Kralick sorrise seccamente. «Non è una conferenza, dottor Garfield. Abbiamo bisogno della sua collaborazione in senso molto speciale. Vorremmo cooptare qualche mese del suo tempo e assegnarle un incarico che nessun altro al mondo potrebbe svolgere.»
«Qualche mese? Non credo di poter…»
«È indispensabile, signore. Non mi sto limitando a spacciarle le solite chiacchiere. È una faccenda veramente grossa.»

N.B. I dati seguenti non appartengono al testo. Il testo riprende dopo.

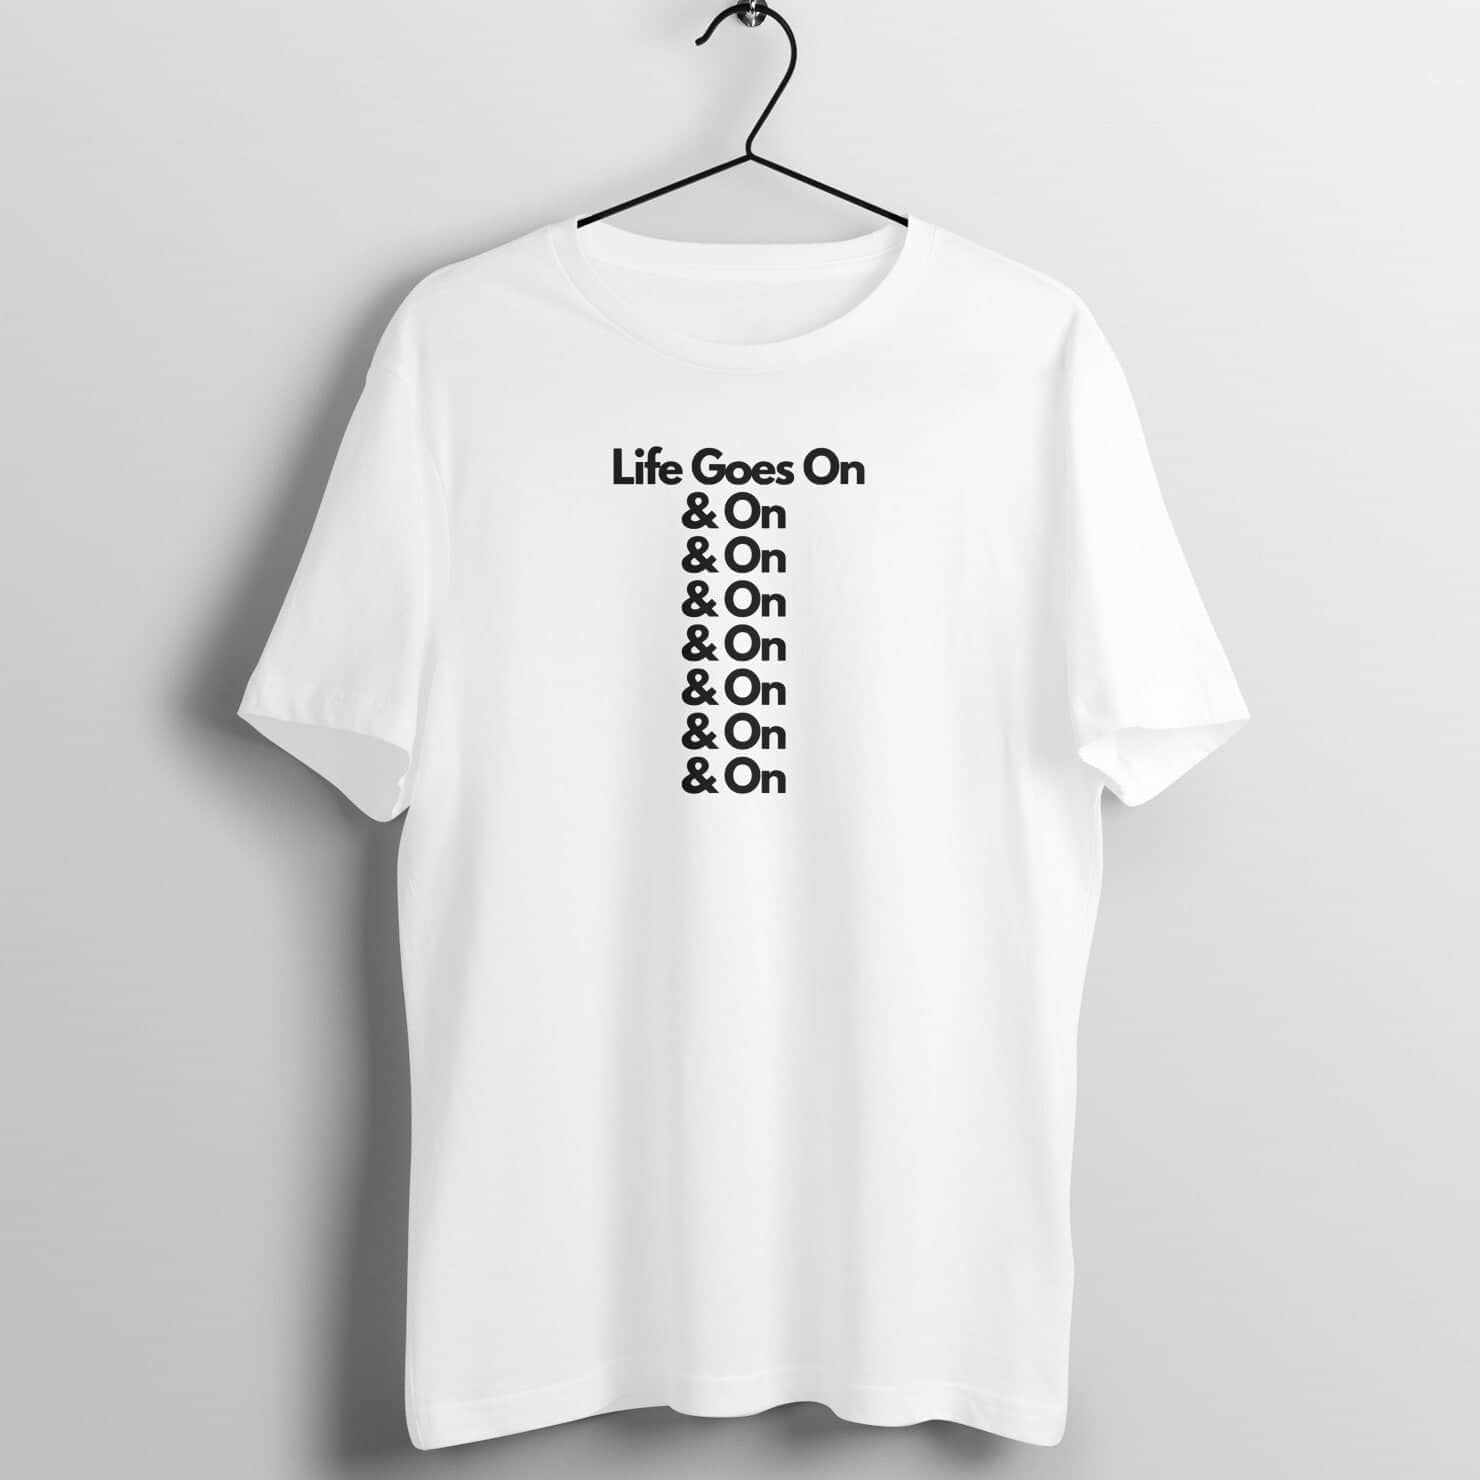 Life Goes On & On & On & On & On Special White Song Lyrics T Shirt for Men and Women freeshipping - Catch My Drift India

«Posso conoscere qualche particolare?»
«Non per telefono, purtroppo.»
«E lei vorrebbe che accorressi a Washington con un giorno di preavviso per discutere di qualcosa di cui lei non può dirmi niente?»
«Sì. Se preferisce, verrò io in California per discuterne. Ma questo comporterebbe ulteriori ritardi, e abbiamo già perduto tanto tempo che…»
Tesi la mano verso il pulsante che interrompeva la comunicazione, facendo in modo che Kralick se ne accorgesse. «Se non ne ho almeno un’idea, signor Kralick, purtroppo dovrò porre fine a questa conversazione.»
Lui non si lasciò intimidire. «Un solo accenno, allora.»
«Sì?»
«È al corrente del cosiddetto uomo venuto dal futuro che è arrivato qualche settimana fa?»
«Più o meno.»
«Il nostro progetto riguarda proprio lui. Abbiamo bisogno che lei l’interroghi su certe cose. Io…»
Per la seconda volta in tre giorni, ebbi la sensazione di precipitare in un trabocchetto. Pensai a Jack che mi supplicava di parlare con Vornan-19: e adesso il governo mi ordinava di fare la stessa cosa. Il mondo era impazzito.
Interruppi Kralick, precipitosamente: «Sta bene. Domani sarò a Washington.»